I am currently evaluating MapD with various sizes of dataset.
I am running MapD 3.61 Community Edition in AWS on a p2.8xlarge instance. The specs for this machines are as follows:-
Nvidia K80 - 8 GPU’s, 32 vCPUs, 488 GiB RAM
When I run this with a 1.25 billion dataset Immerse works as expected, much like the demos on the MapD website.
However when I try a 5 billion dataset Immerse becomes unresponsive and in some cases returns errors. I am thinking that this is due to the dataset being too big for the box to handle, but I would like a better way of measuring and confirming this.

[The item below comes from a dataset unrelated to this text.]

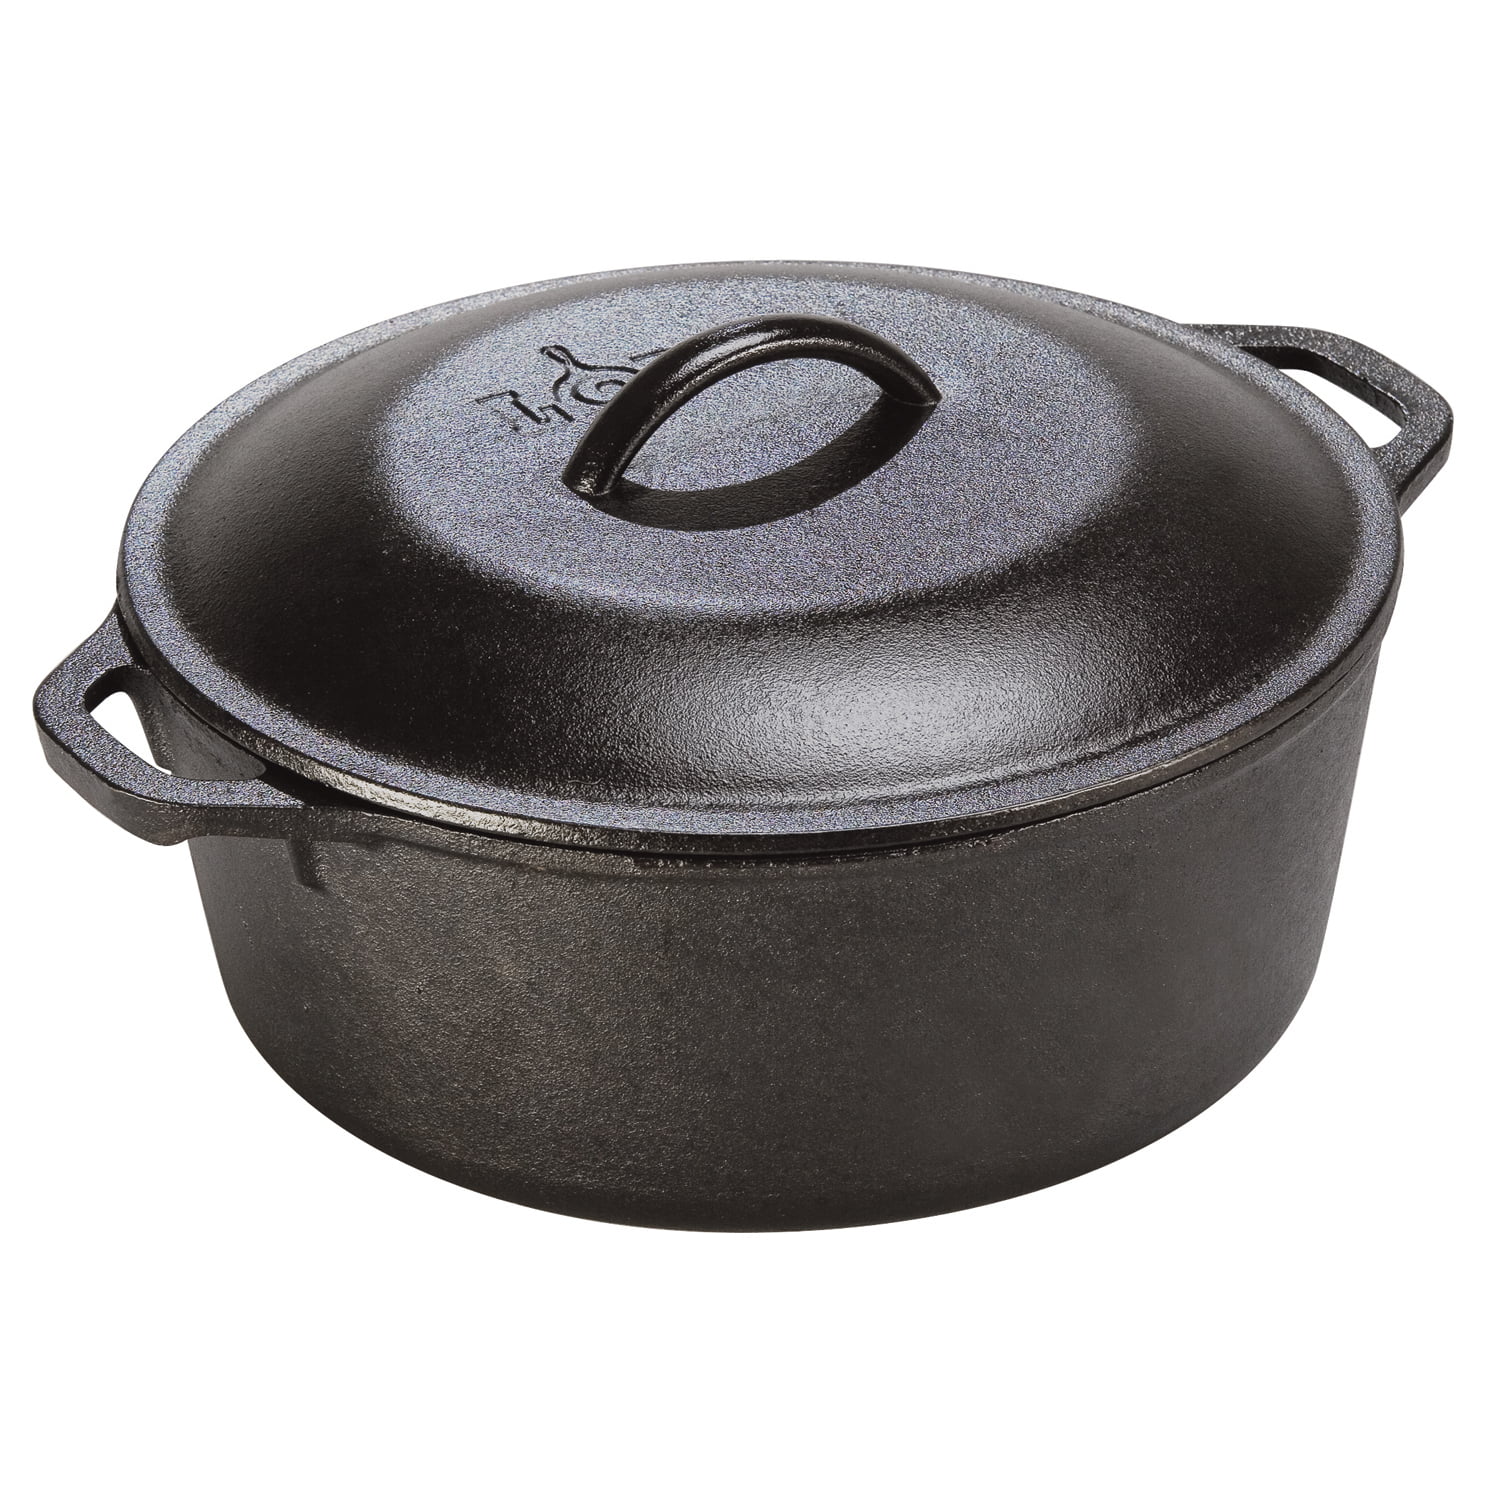 Lodge 5 Piece Seasoned Cast Iron Set Griddle Skillet Dutch Oven Pan Pot Cover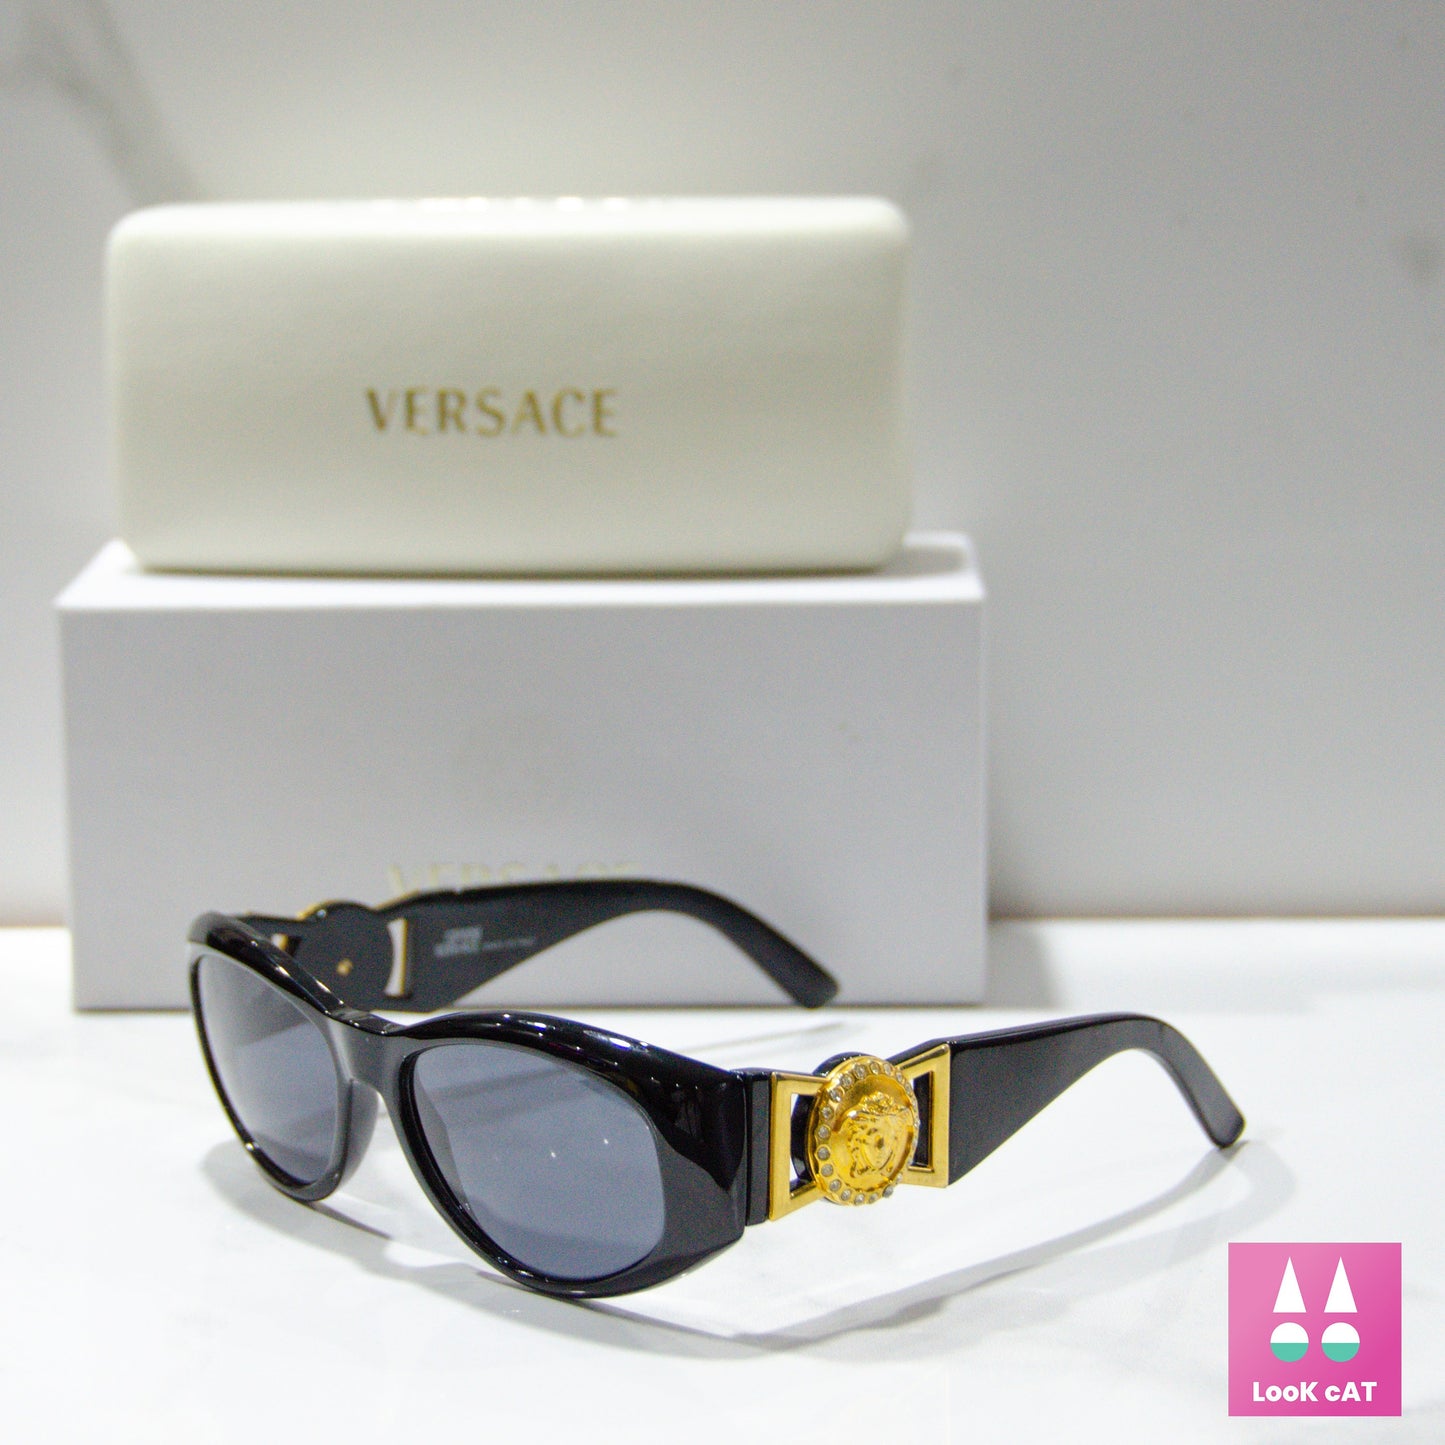 Occhiali da sole Gianni Versace mod 424 strass lunette brille occhiali sole gafas

My first query is how to more accurately work out when the problems are due to the data set being too big for the hardware provisioned.
Will MapD log somewhere when the Engine or Immerse cannot cope?
Are there other/better ways to identify when a MapD installation needs scaling?
Does anybody have any thoughts on how the p2.8xlarge and p2.16xlarge instances would scale before needing to scale out rather than up?
How many billion rows could I expect the p2.8xlarge instance to scale to, and how many for p2.xlarge?
The p2.16xlarge instance is:-
Nvidia K80 - 16 GPUs, 64 vCPUs, 732 GiB RAM
The data set I am testing with is a variation of the taxi data, and mostly I am working with a point map in Immerse.
Any help or guidance would be greatly appreciated.